15.  Après examen de l'ensemble des éléments qui lui ont été soumis, la Cour ne décèle aucun fait ou argument propre à la convaincre de parvenir à une conclusion différente quant au bien-fondé du grief en question. Compte tenu de sa jurisprudence en la matière, elle estime qu'en l'espèce les conditions de détention des requérants étaient mauvaises.


16.  Il s'ensuit que ce grief révèle une violation de l'article 3 de la Convention.

  1. SUR LES AUTRES GRIEFS


17.  Les requérants ont également soulevé d'autres griefs sous l'angle de l'article 5 §§ 1 et 4 de la Convention.


18.  La Cour a examiné les requêtes et constate, au vu de l'ensemble des éléments en sa possession, et pour autant que les faits litigieux relèvent de sa compétence, que ces griefs soit ne remplissent pas les critères de recevabilité énoncés aux articles 34 et 35 de la Convention, soit ne révèlent aucune apparence de violation des droits et libertés consacrés par la Convention ou ses Protocoles.


19.  Il s'ensuit que cette partie des requêtes doit être rejetée en application de l'article 35 § 4 de la Convention.

  1. SUR L'APPLICATION DE L'ARTICLE 41 DE LA CONVENTION


20.  Eu égard aux documents en sa possession et à sa jurisprudence (Muršić, précité), la Cour estime raisonnable d'allouer les sommes indiquées dans le tableau joint en annexe.

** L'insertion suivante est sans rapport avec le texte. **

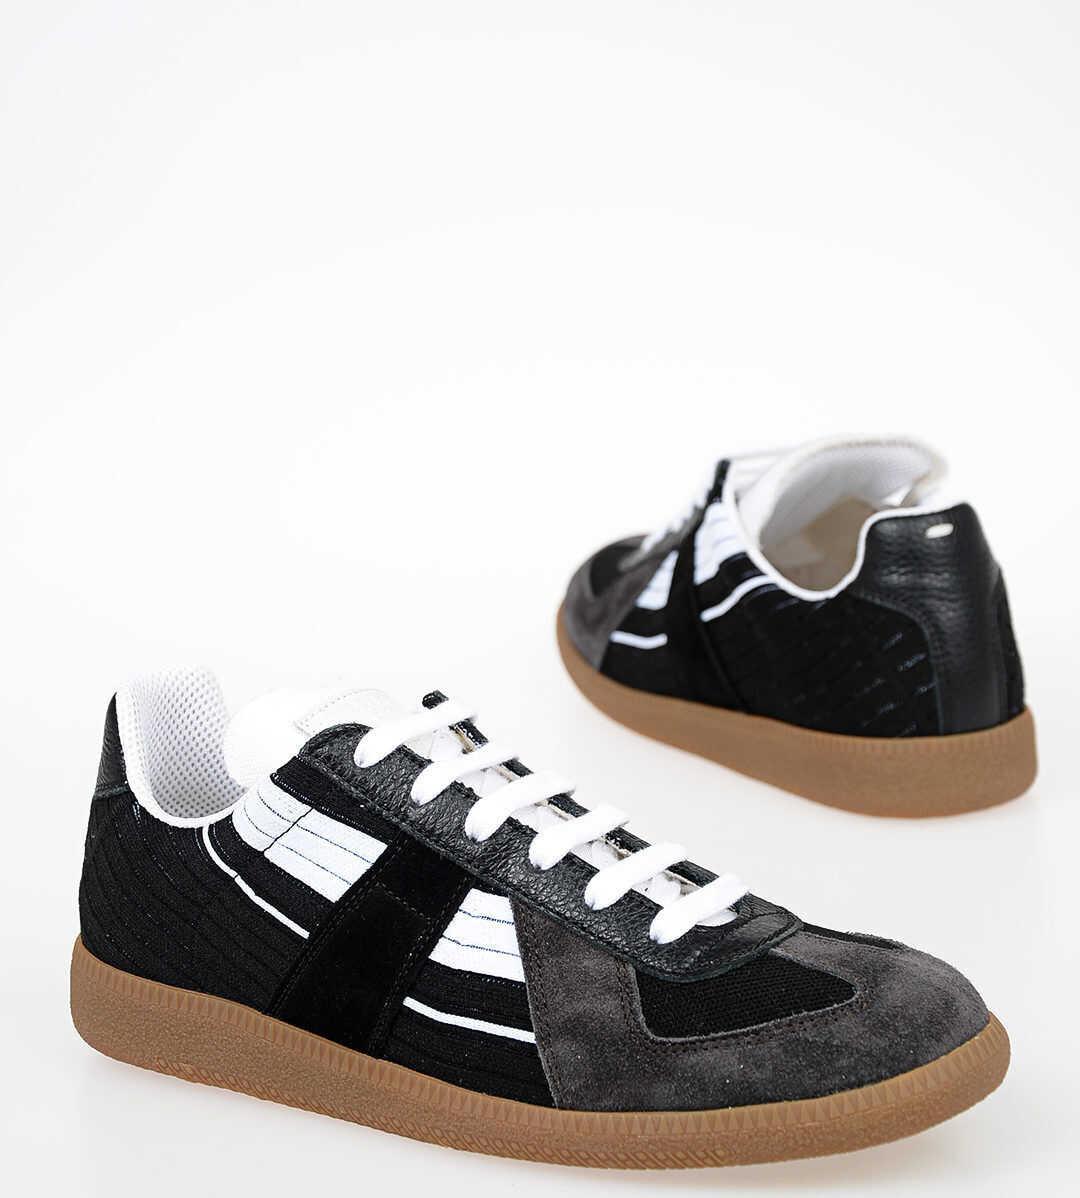 Maison Margiela MM22 Fabric Leather Sneakers MULTICOLOR
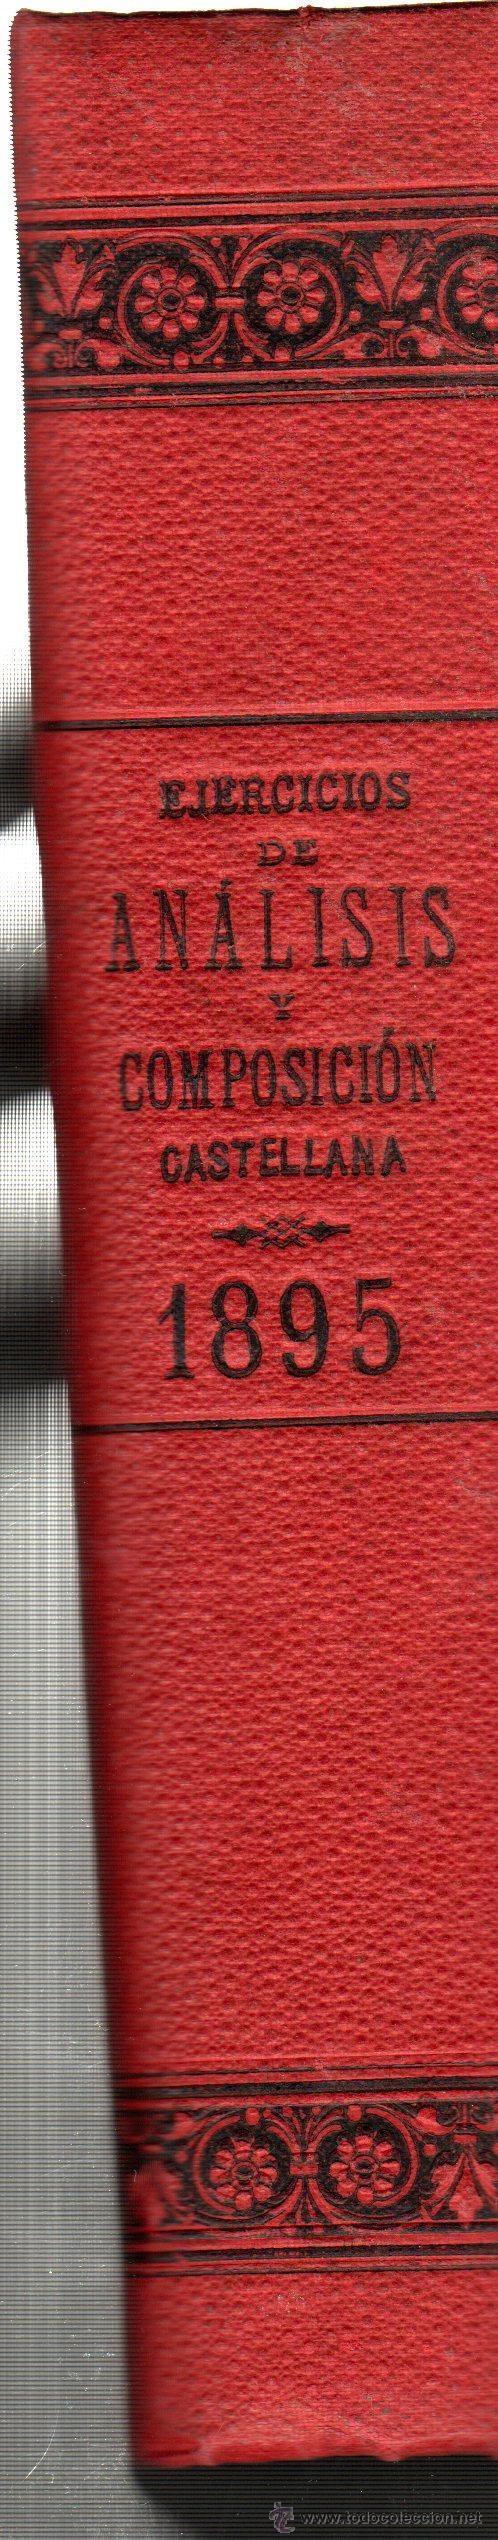 Libros antiguos: EJERCICIOS DE ANÁLISIS Y COMPOSICIÓN CASTELLANA,RICARDO GIRÓN SEVERINI,CÁDIZ,BENÍTEZ ESTUDILLO 1894 - Foto 2 - 30282654

PAR CES MOTIFS, LA COUR, À L'UNANIMITÉ,

  1. Décide de joindre les requêtes ;
  2. Déclare les requêtes recevables quant au grief concernant l'article 3 de la Convention, et irrecevables pour le surplus ;
  3. Dit qu'il y a eu violation de l'article 3 de la Convention ;
  4. Dit

a)    que l'État défendeur doit verser aux requérants, dans les trois mois, les sommes indiquées dans le tableau joint en annexe au taux applicable à la date du règlement ;

b)    qu'à compter de l'expiration dudit délai et jusqu'au versement, ces montants seront à majorer d'un intérêt simple à un taux égal à celui de la facilité de prêt marginal de la Banque centrale européenne applicable pendant cette période, augmenté de trois points de pourcentage.

Fait en français, puis communiqué par écrit le 16 mai 2024, en application de l'article 77 §§ 2 et 3 du règlement.

Viktoriya Maradudina Peeter Roosma
Greffière adjointe f.f. Président


ANNEXE

Liste de requêtes concernant des griefs tirés de l'article 3 de la Convention

(mauvaises conditions de détention)

No.

Numéro et date d'introduction de la requête

Nom du requérant et année de naissance

Nom et ville du représentant

Établissement

Dates de début et de fin

Durée

Surface par détenu

Problèmes dénoncés

Montant alloué pour dommage moral par requérant

(en euros)[1]

Montant alloué pour frais et dépens par requête

(en euros)[2]

  1.    

31030/19

30/05/2019

Mehmet Sena BAYRAM

1965

 

Tsiatsios Theodoros

Thessalonique

Sous-direction des transferts de Thessalonique

13/12/2018 à

09/02/2019

1 mois et 28 jours

<3 m²

manque d'air frais, manque ou insuffisance d'activités de loisirs ou éducatives, manque ou insuffisance d'exercices physiques à l'air libre, nombre insuffisant de places pour dormir

1 400

250

  1.    

61775/19

21/11/2019

Mikheili ASTOIANI

1987

 

Tsiatsios Theodoros

Thessalonique

Sous-direction des transferts de Thessalonique

29/04/2019 à

24/06/2019

1 mois et 27 jours

< 3 m²

manque d'air frais, manque ou insuffisance d'activités de loisirs ou éducatives, manque ou insuffisance d'exercices physiques à l'air libre

1 400

250

 

 


[1] Plus tout montant pouvant être dû à titre d'impôt par la partie requérante.

[2] Plus tout montant pouvant être dû à titre d'impôt par la partie requérante.